研究室棟は24時間出入り可能。深夜の5階は、Nさん以外、誰もいない。
コピー機の動作音
ある深夜、Nさんが自分の研究室から出て、共用スペースのコピー機を使おうとした時。コピー機が、既に動いていた。
「誰か他にも居るのかと思いました。でも、コピー機の前に人がいない。出力トレイには、印刷が終わったA4の紙が3枚ほど」
印刷物の中身
Nさんは、出力された紙をなんとなく見た。専門書の1ページのスキャン、英語の論文の1ページ、そして、Nさんが知らない人物名の名簿。

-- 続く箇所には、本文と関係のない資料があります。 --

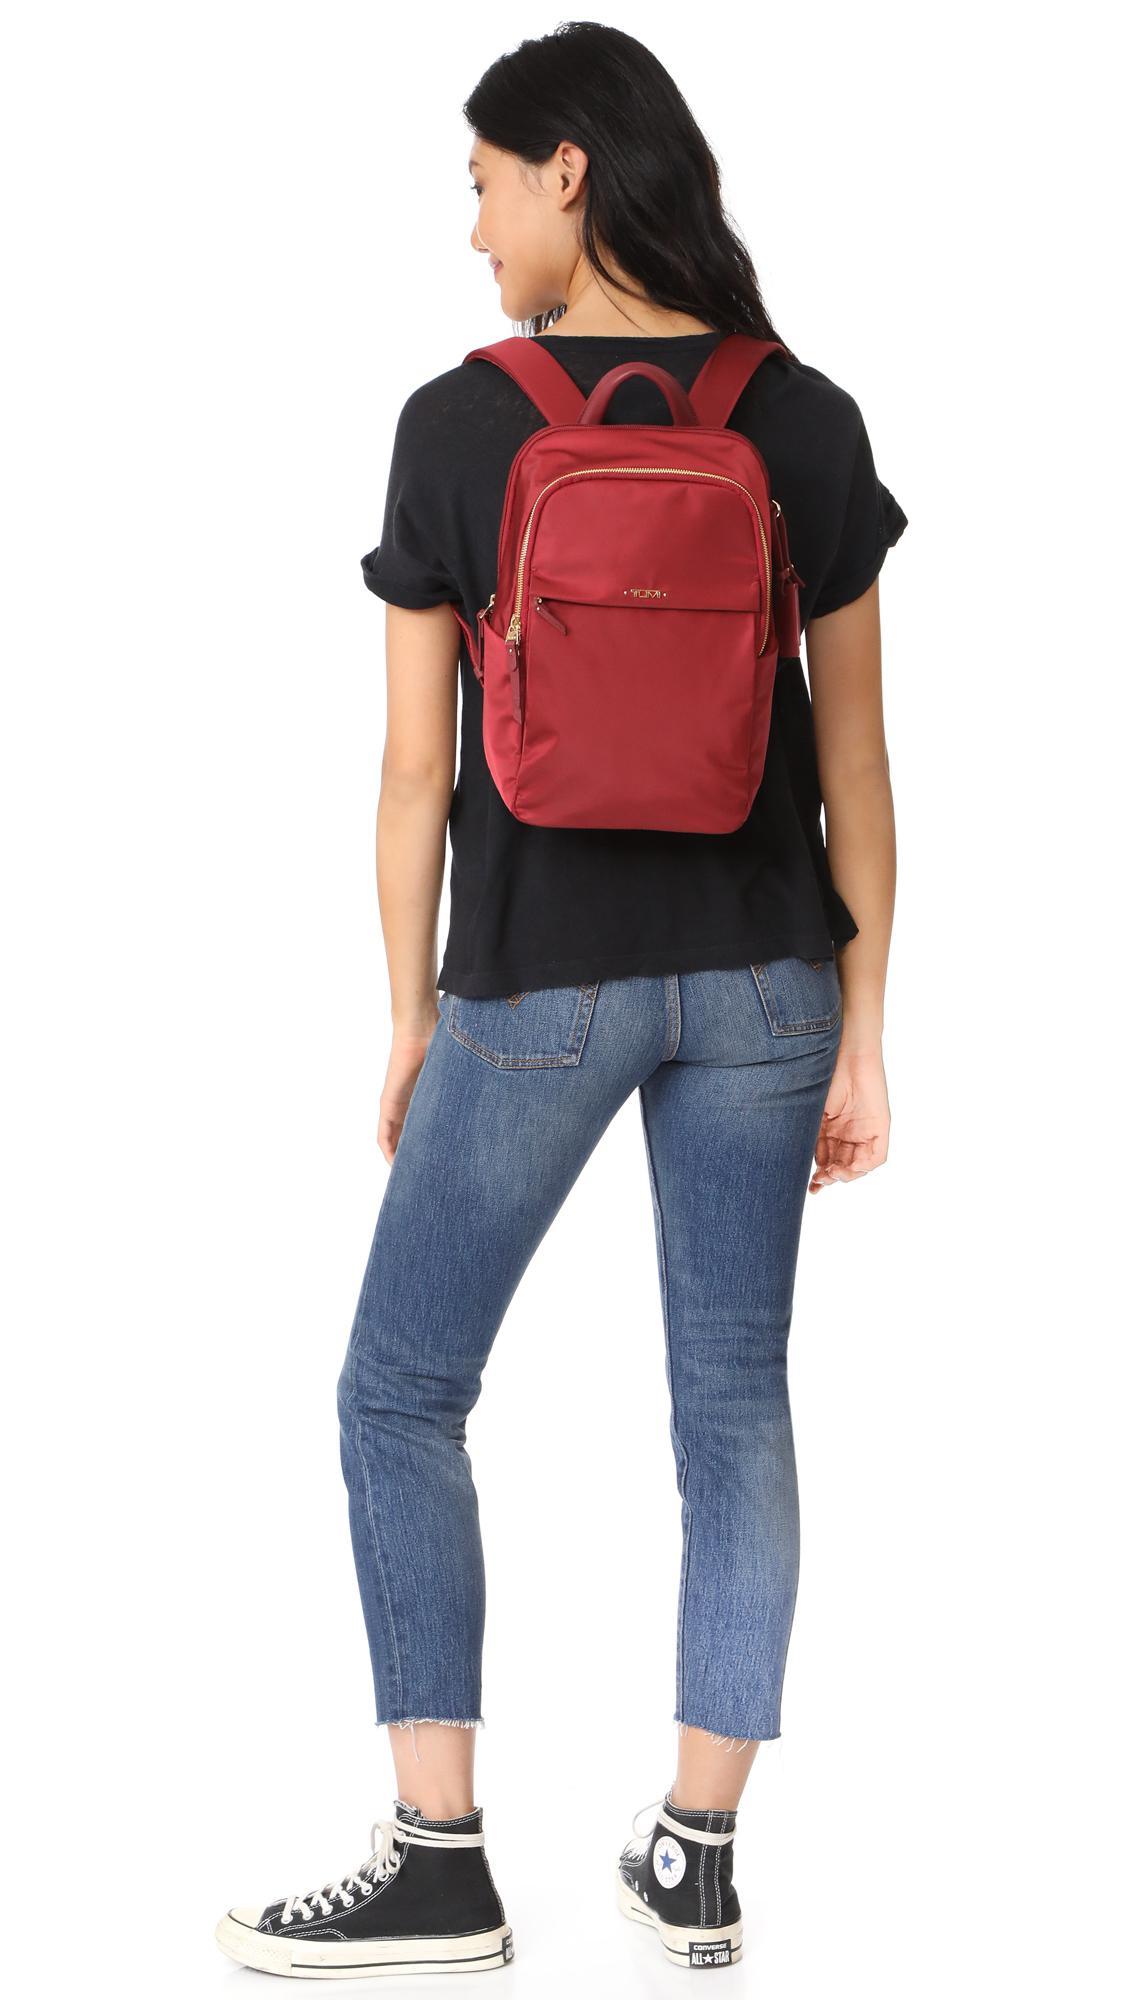 Lyst - Tumi Daniella Small Backpack in Red 92825101ea
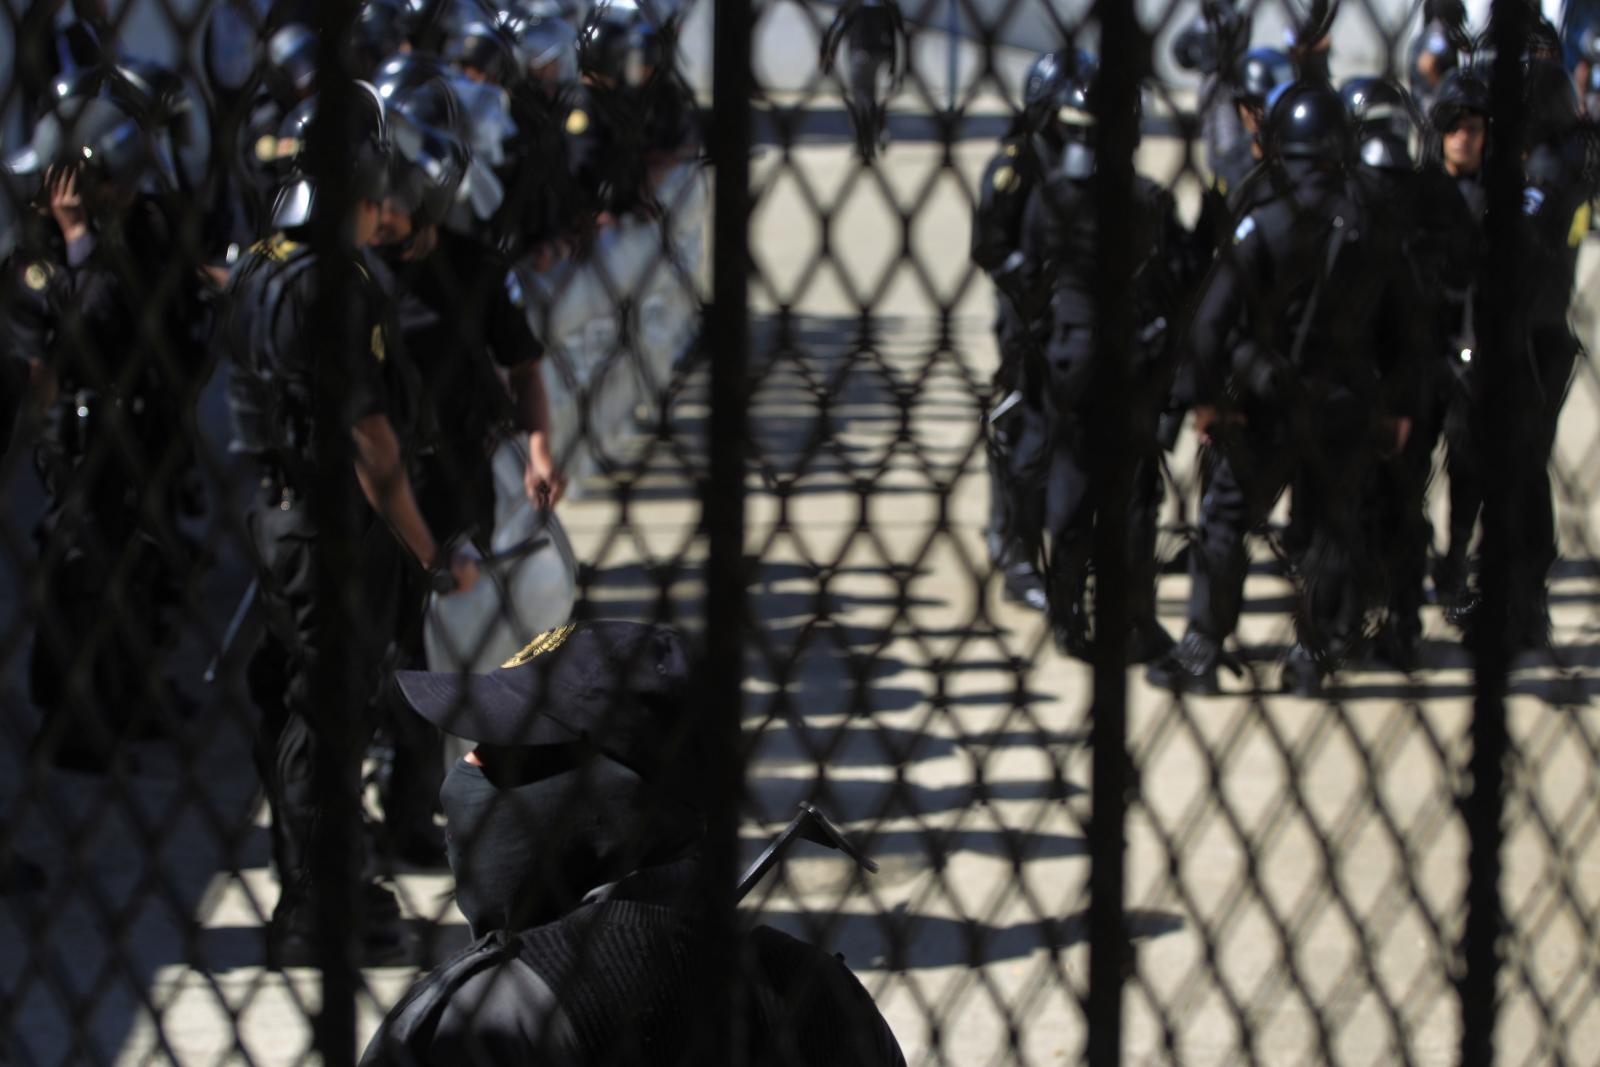 Guatemala prison

「3枚目の名簿は、明らかに研究室の同窓会名簿のような体裁。でも、私が知っている名前は1人もいませんでした」
コピー機のジョブ履歴を確認
翌日、Nさんは研究室の事務局に相談。コピー機のジョブ履歴を確認してもらった。
「事務局の方が、印刷ジョブの送信元IPアドレスを調べてくれました。結果、3年前に退学した先輩のPCからのジョブだった」
退学した先輩のPCは、研究室から既に処分されているはず。
退学した先輩、3年前の状況
事務局によると、その先輩は3年前、修士1年の途中で退学。家庭の事情、と聞いていた。退学後、研究室との連絡は途絶えていた。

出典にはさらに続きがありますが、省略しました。